That year, he led the NL with 110 RBIs. He finished second in the NL with a .367 batting average, a .545 slugging percentage, 11 home runs, 59 extra-base hits, and 297 total bases. He also engaged in a fistfight with Lajoie that caused Lajoie to miss five weeks due to a broken thumb. The race for the batting title came down to the end of the season. The title winner, Honus Wagner, later said, "I've had a lot of thrills, but don't think I was ever happier than in 1900 when I won after battling Elmer Flick to the last day of the season for the title."

Flick was one of many star NL players who jumped to the fledgling American League (AL) after the 1901 season, playing for the crosstown Philadelphia Athletics. Flick played in 11 games for the Athletics, before the Phillies obtained an injunction from the Pennsylvania Supreme Court prohibiting any player under contract with the Phillies from playing for another team. Though this injunction named Lajoie, Bill Bernhard, and Chick Fraser only, it still applied to Flick as well. As a recourse, Flick and teammate Lajoie signed instead with the Cleveland Naps, as the Pennsylvania injunction could not be enforced in Ohio. The two players often traveled separately from their teammates for the next year, never setting foot in Pennsylvania in order to avoid a subpoena. Flick spent the remainder of his career in Cleveland, and the contract dispute was resolved when the leagues made peace in September 1903 with the National Agreement.

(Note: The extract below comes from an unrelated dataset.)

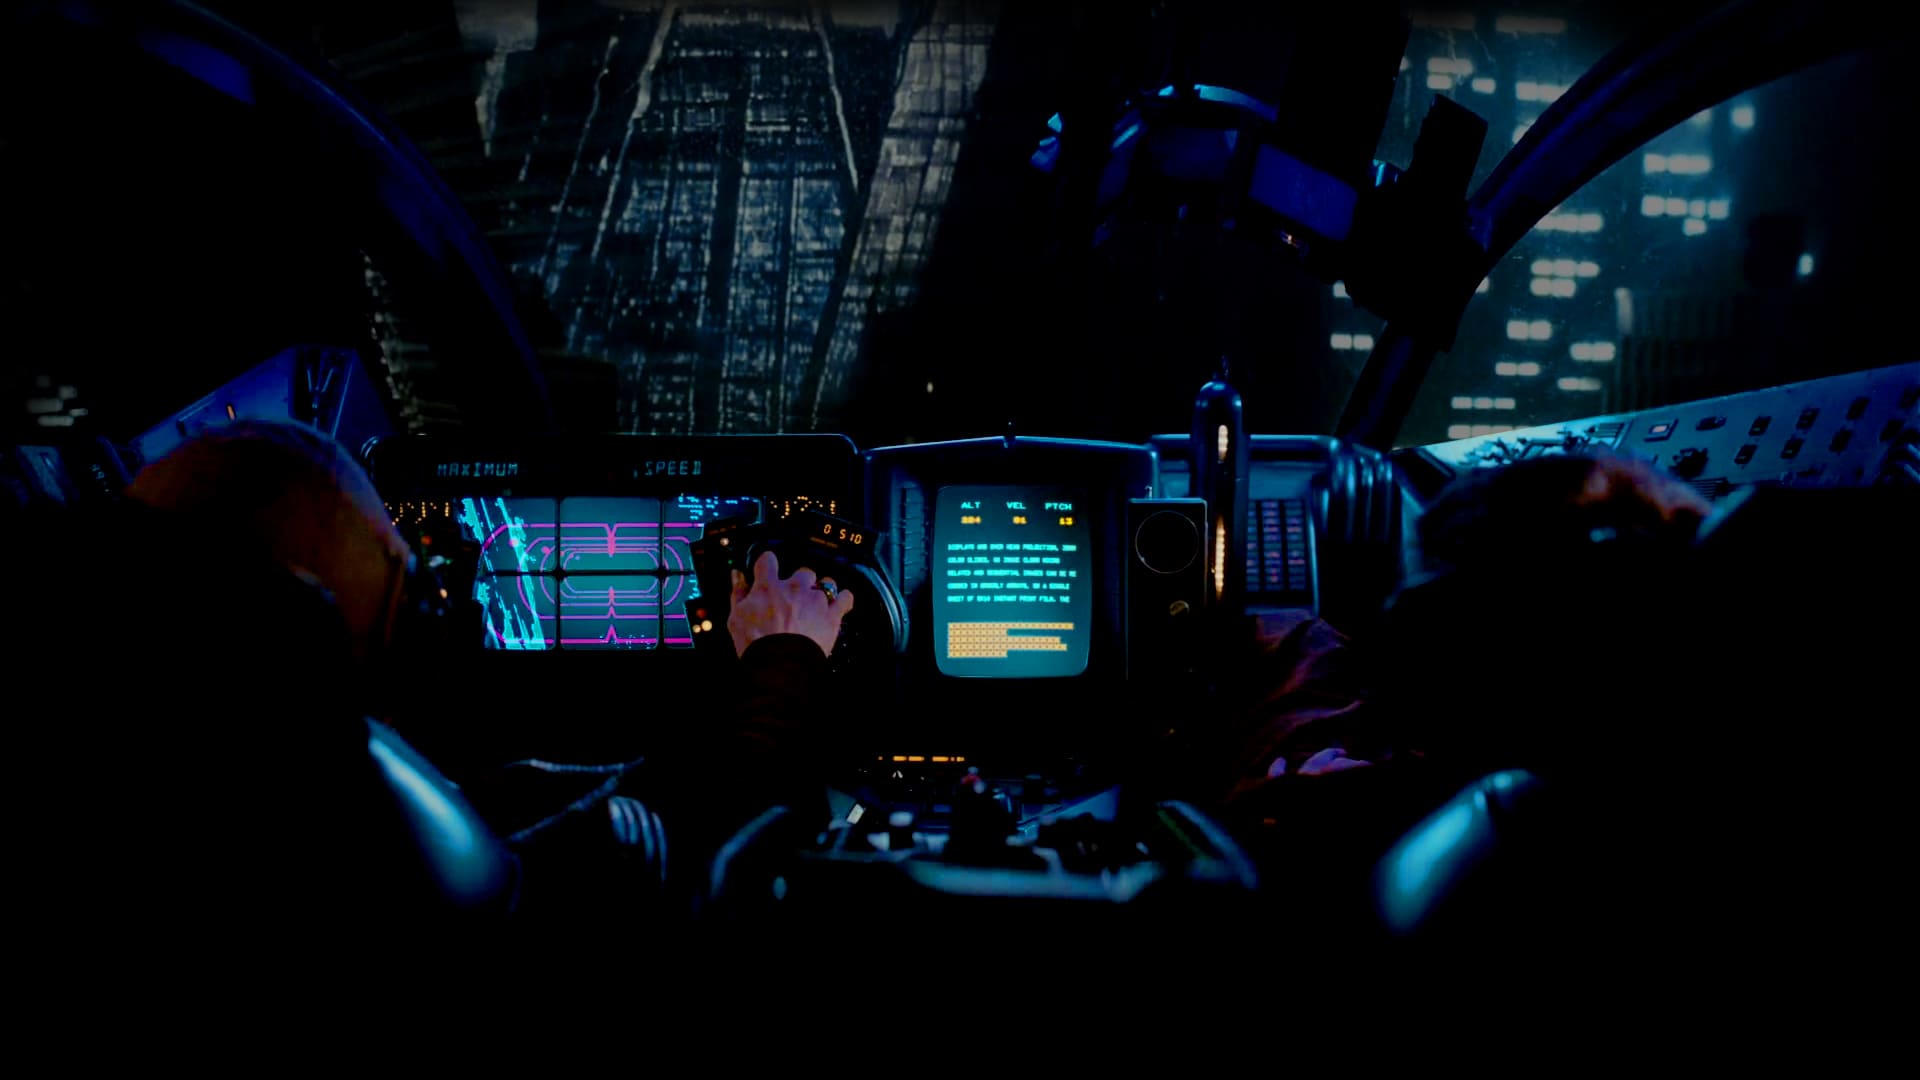 Futuristic cockpit

On July 6, 1902, Flick hit three triples in one game. Between 1900 and 2010, 49 players accomplished that feat. By early 1904, Flick did not want to re-sign with Cleveland for the offered $2,500 ($ in current dollar terms). Plans were being made to run a railroad through a corner of Flick's farm and Flick hoped to hire some of his horses to the construction team. "After July 4, my farm work will be along so that I will be able to give considerable attention to independent ball", he said.

Flick did return to Cleveland for the 1904 season. That year, Flick tied teammate Harry Bay for the league lead with 38 stolen bases. Flick was the AL batting champion in the 1905 season with a .308 average. Only Carl Yastrzemski, who won the batting title with a .301 average in the 1968 season, led the league with a lower average. Flick also led the league with a .462 slugging percentage and 18 triples in 1905. His .383 on-base percentage trailed only Topsy Hartsel. During a 1905 game, Cleveland fielders were charged with seven errors in a single inning, but Flick committed only one of the errors.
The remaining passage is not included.